兵庫県高砂市と加古川市の境に位置する「高御位山(たかみくらやま・標高304m)」は、“播磨富士(はりまふじ)”とも呼ばれ、古くから山全体が信仰の対象にされるなど播磨地方の地元民に愛される標高304mの低山だ。
高御位山を中心に複数の山が連なることから、その稜線は“播磨アルプス”と称される。ふもとの森を抜けると展望のきく露岩が続いているのが特徴的で、手応えのある岩場歩きも楽しめる。岩場では視界がずっと開けているのでどんどん空に近づいて行くような感覚が爽快だ。
登山ルートは複数あり、整備された家族連れ向けのコースもあるため、今回は登りは岩場歩きを体験し、帰りは整備されたコースで下ってみた。
■ちょっと分かりづらい? 登山道の入口

今回のコースは、高御位山の辻登山口から太閤岩(たいこういわ)〜北山奥山〜中塚山〜高御位山と尾根伝いに歩き、最後は高御位山神社から高御位山成井登山口に下りるルート。最寄駅はJR西日本 山陽本線(神戸線)の宝殿(ほうでん)駅だが、駅から登山口までは2kmほど歩く。部活動に向かう高校生たちの集団に季節を感じながらテクテク歩いて来たのだが、地図でこの辺りだと思う箇所に登山口が見つからない。道を間違えたか? と焦って周囲をよく見ると、山沿いにひっそりと登山口があった。

■太閤岩で羽柴秀吉に思いを馳せる

登山口から20分ほどは鬱蒼とした森の中をひたすら登る。なかなかの傾斜もあるので、こまめに休憩を取りながら登ったほうがよさそう。息が上がってきたころ、急に草木がなくなり視界が開けた。最初の名所は「太閤岩」だ。
羽柴秀吉が加古川を攻めたときにこの岩に腰掛けて采配を取ったといわれている。見晴らしがよいこの場所からは、南側は瀬戸内海まで確認できる。大物が座ったという岩に自分も座って、来週の商談がうまくいくように願をかけてきた。

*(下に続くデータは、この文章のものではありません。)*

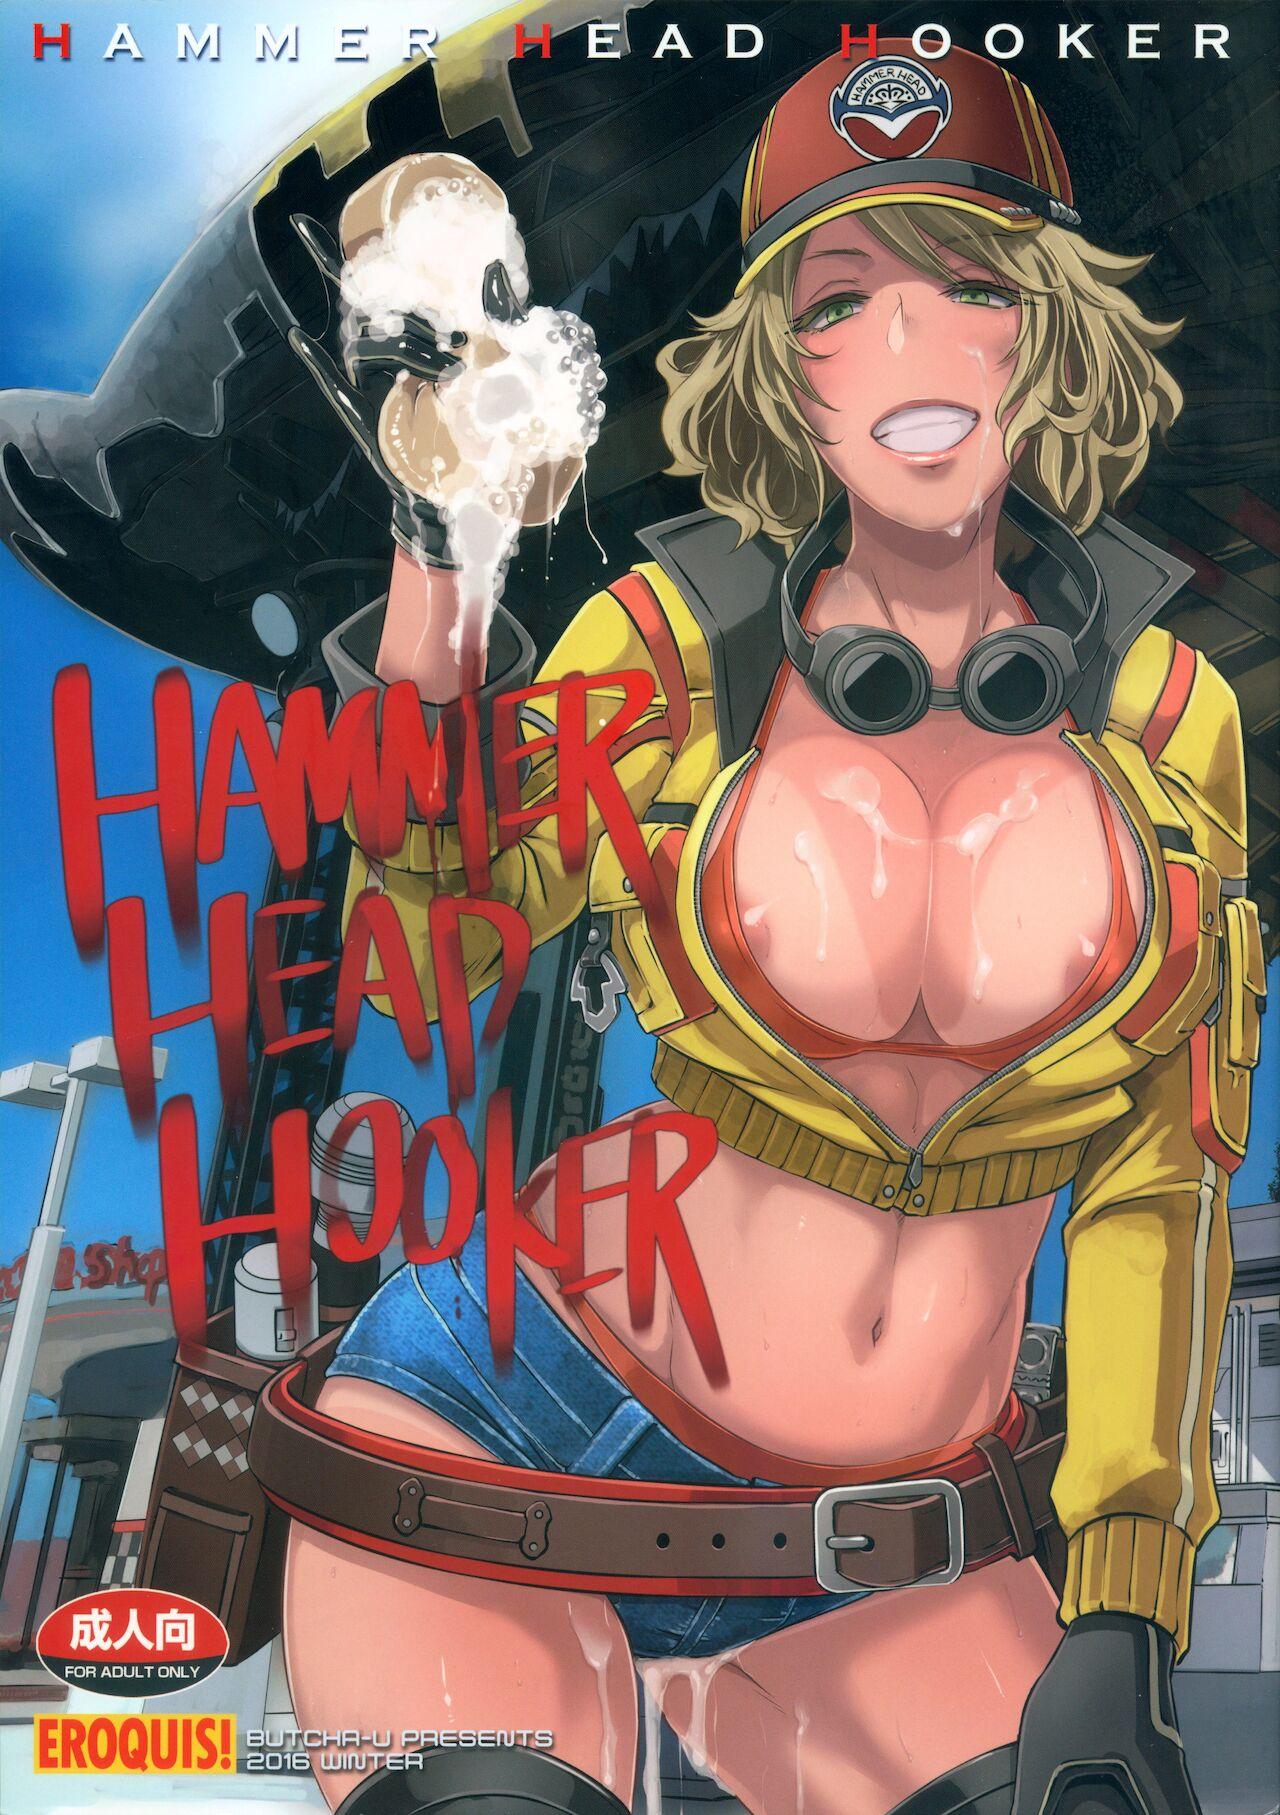 Sofa Hammer Head Hooker - Final fantasy xv Parties - Page 1
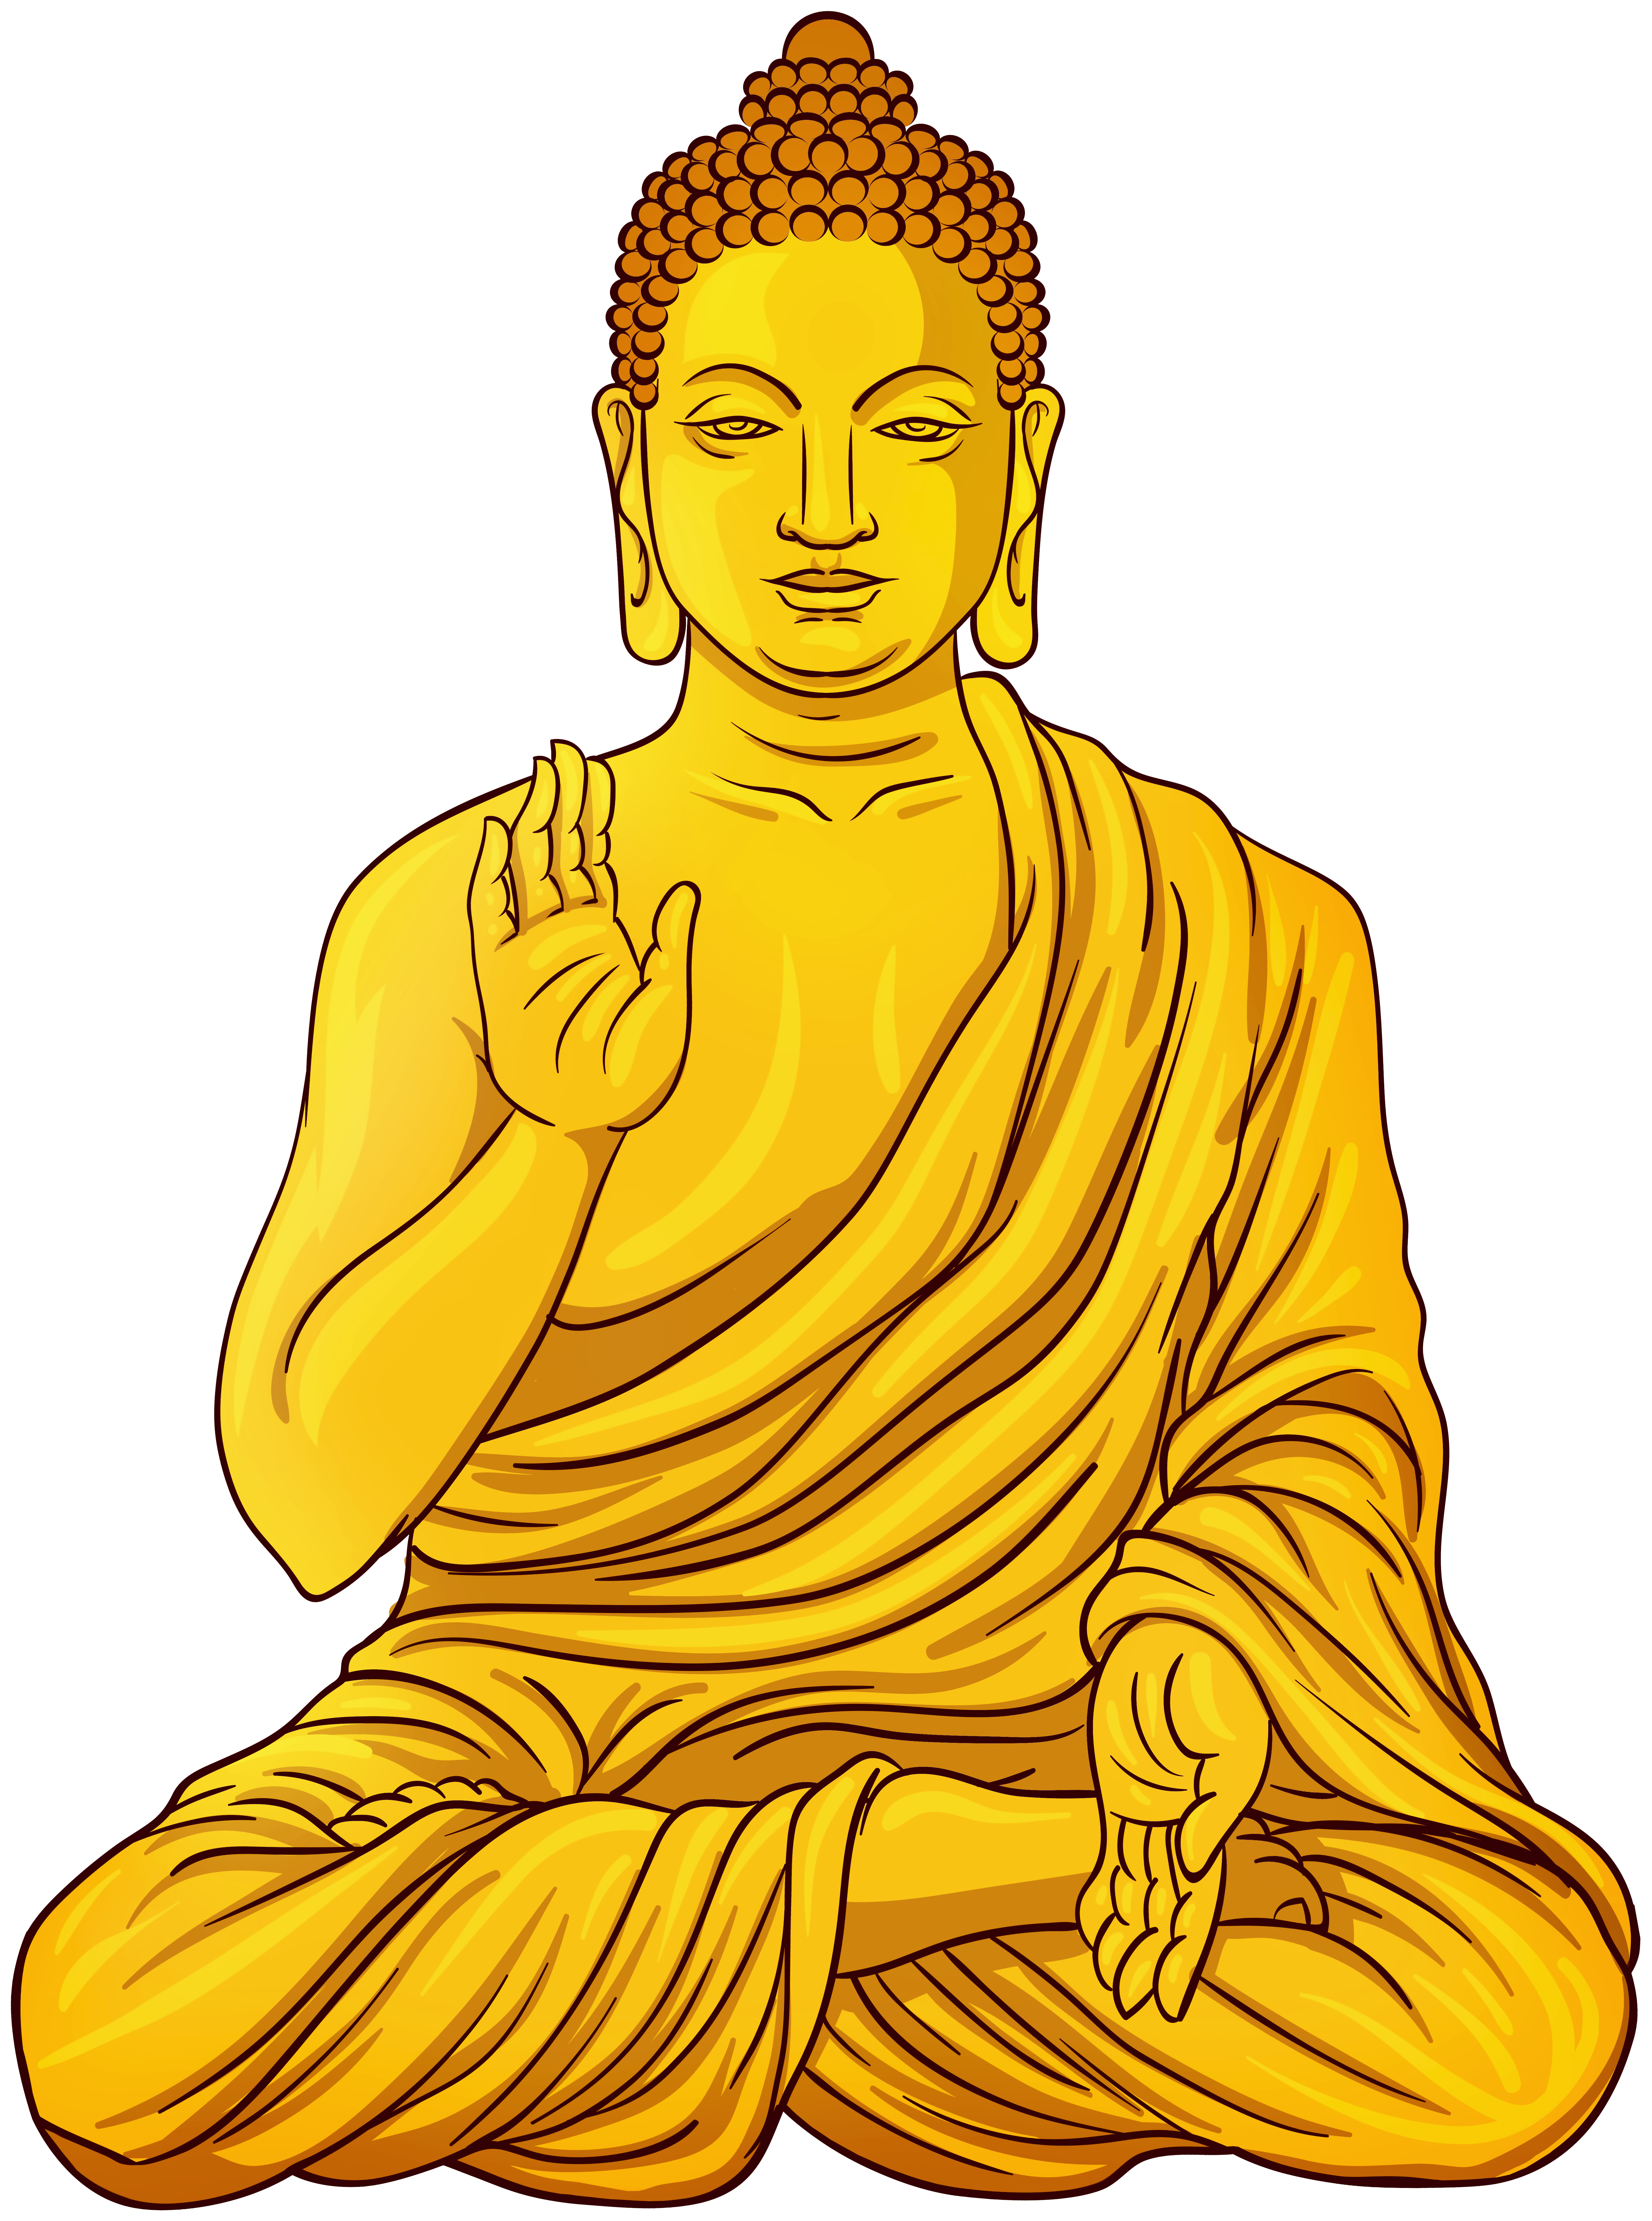 Gold Buddha Statue PNG Clip Art.

太閤岩を越えてから高御位山山頂まではずっとむき出しの岩場が続く。山の中に一筋の登山道がすっと延びているのはある種の美しさを感じるが、小さな山が連なっているためアップダウンがなかなか多く、こまめに休憩を取りながら歩みを進めた。また、今回は春でかつ曇りだったのでそれほど強い日差しは感じなかったのだが、夏場は日陰がないためかなり厳重に熱中症対策をしていったほうがよさそうだ。
パーカの中が汗ばんで来たころ、登山を始めて1時間半くらいで高御位山山頂へ登頂。頂上からは瀬戸内海や東播地方が一望できてかなりの絶景だった。ちなみに兵庫県は日本で一番ため池が多く、全国の10分の1のため池があるとのこと。なかでも東播磨地方に集まっているそうだ。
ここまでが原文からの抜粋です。